ペルーのマルティン・ビスカラ大統領は9月30日交付の大統領令(165-2019-PCM号)で、国会の解散を宣言した。原因として大統領は、同日にサルバドール・デル・ソラール・ラバルテ首相が提出した内閣信任決議案が否決されたためとしている。同決議案は2017年9月にも否決されており、憲法第134条では、国会任期中に2度否決された場合、大統領はその国会の解散権限を得ると規定されている。新たな国会議員の選出については、2020年1月26日に実施することが大統領令に明記された。それまでは各政党の代表で構成される常任委員会が国会の最低限の活動に従事することになる。

解散宣言の背景には、7月28日に大統領が示した自身ならびに国会の任期短縮案に関る議会側との攻防がある(2019年8月6日記事参照)。議会は任期短縮案を9月26日に否決するとともに、憲法裁判所の判事7人のうち任期満了を迎える6人の選出を野党側に有利なかたちで進めていた。これに反発したビスカラ大統領は、憲法裁判所の判事選出の不透明性を理由に、選出方法の見直しを行うため、内閣信任決議案を9月30日の判事選出投票直前に提出した。しかし、議会は投票を継続し判事1人を選出したことから、ビスカラ大統領はこれを同決議案の否決と判断した。判事選出後に議会は内閣信任決議案を承認したが、ビスカラ大統領は前述の憲法134条を根拠に議会解散を宣言。

これに対して、議会は解散令を違憲として、ビスカラ大統領を「一時的不適格」を理由に1年間の職務停止案を可決し、その間の臨時大統領としてメルセデス・アラオス第1副大統領を選出した。アラオス氏はその場で就任の宣誓を行い、米州機構に対してビスカラ大統領による議会解散が違憲であり、解決のための仲介を依頼する考えを示したものの、10月1日夜には辞任する意向をツイッターで発表した。米州機構は10月1日のプレスリリースで、今回の問題の解決権限はペルー憲法裁判所にあるとし、ビスカラ大統領による議会の選挙日公示と国民に委ねる姿勢を評価するコメントを発表した。

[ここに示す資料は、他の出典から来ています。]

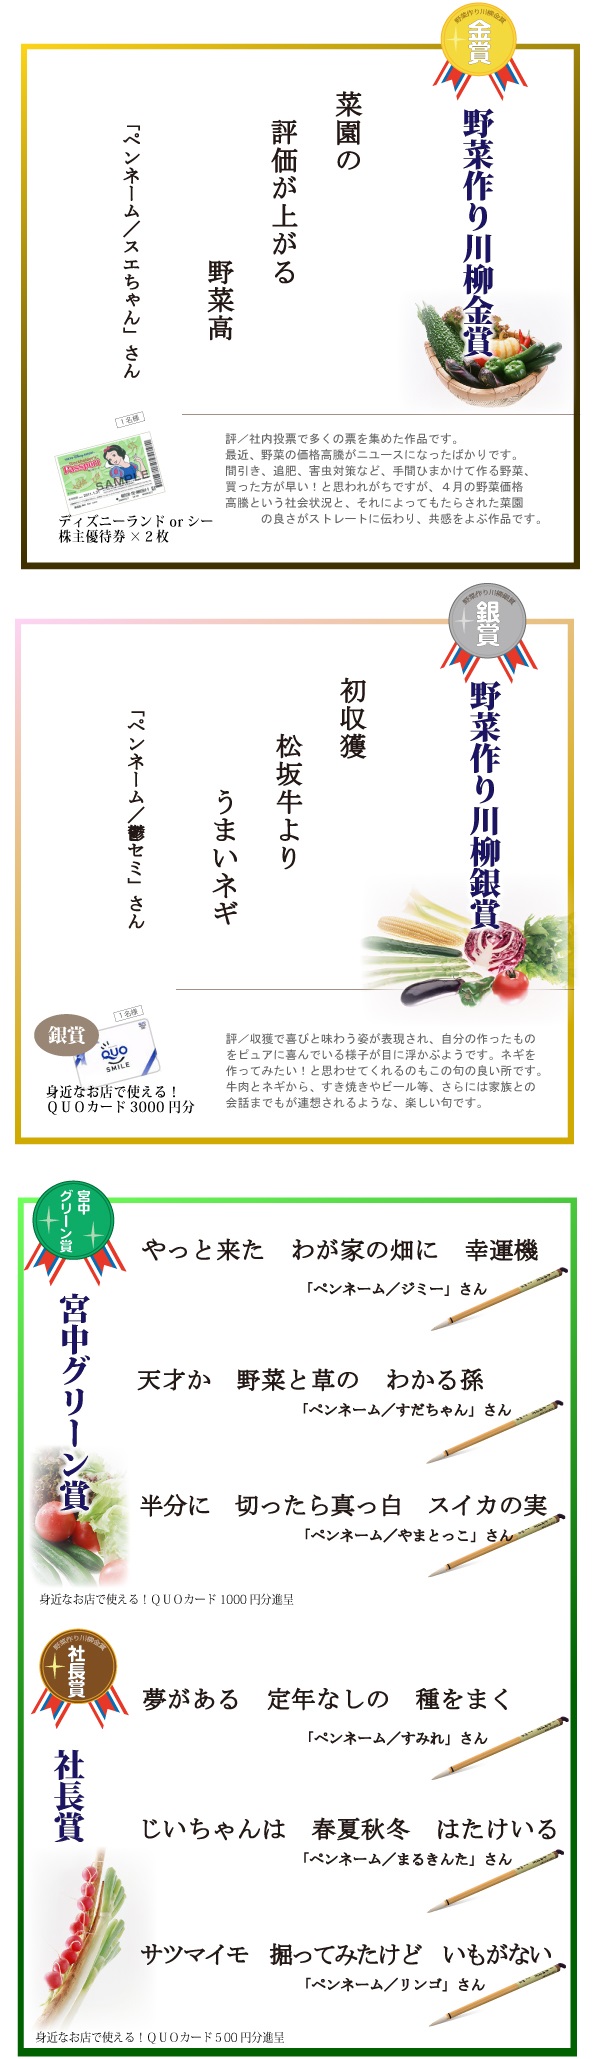 「野菜作り」ウェブで川柳 結果発表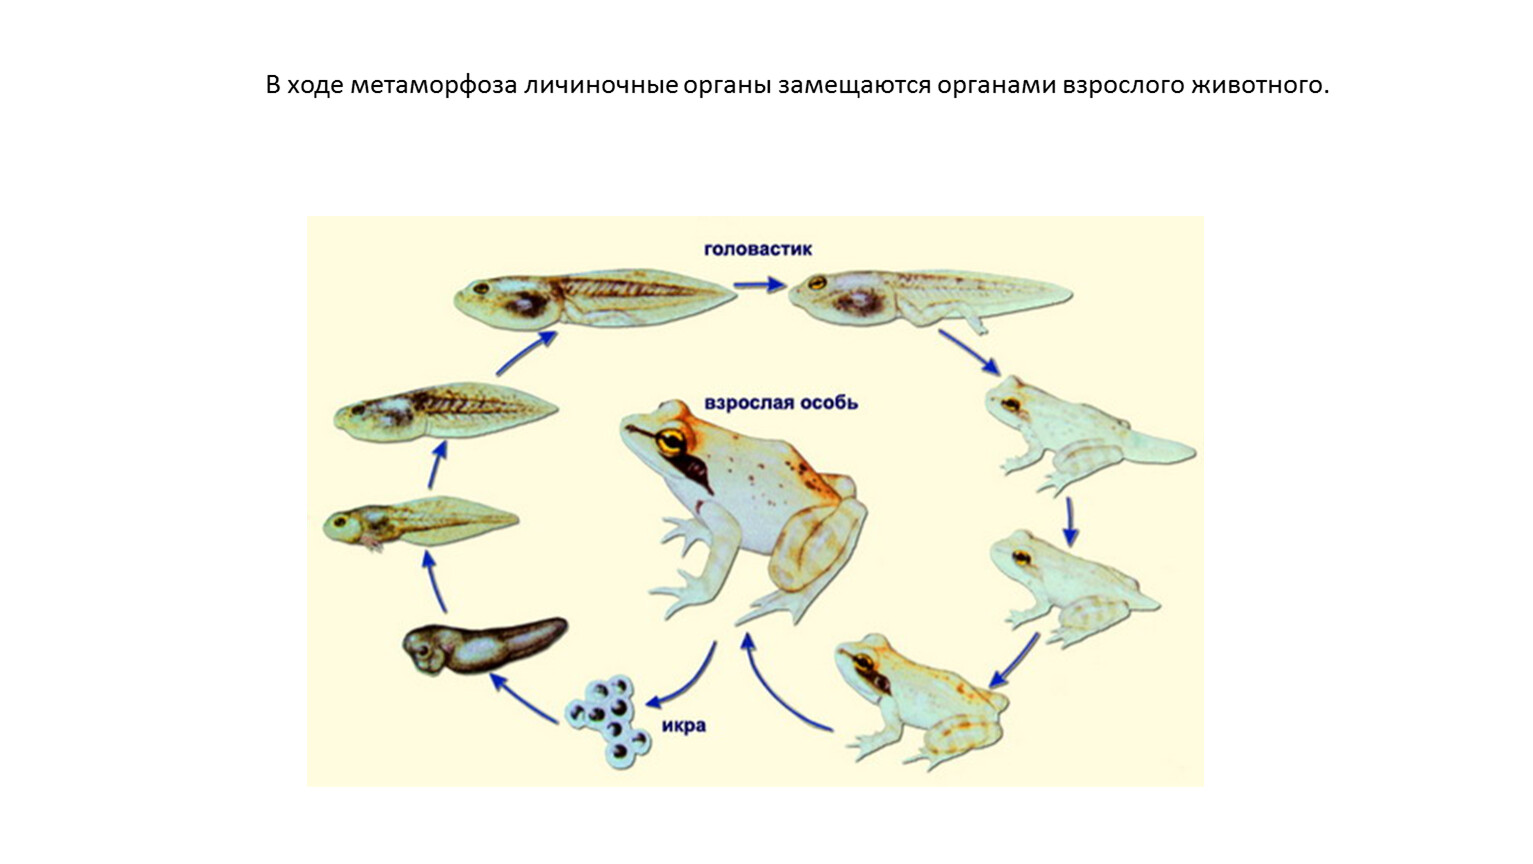 Изменения организма в течении жизни это. Биологическое значение Метаморфоза. Личиночное развитие земноводных разных отрядов. Развитие пингвина с метаморфозом. Качественное изменение организмов в течение жизни это.

多くの国民は大統領への支持を表明している。さらに、軍部や警察も支持を即日表明。全ての地方自治体で組織する地方自治体全国議会も支持を表明した。一方で、ペルー経団連(CONFIEP)のマリア・イサベル・レオン会長は、混乱によるビジネスへの影響を懸念し、解散宣言不支持を表明しており、収束の見通しが立たない状況が続いている。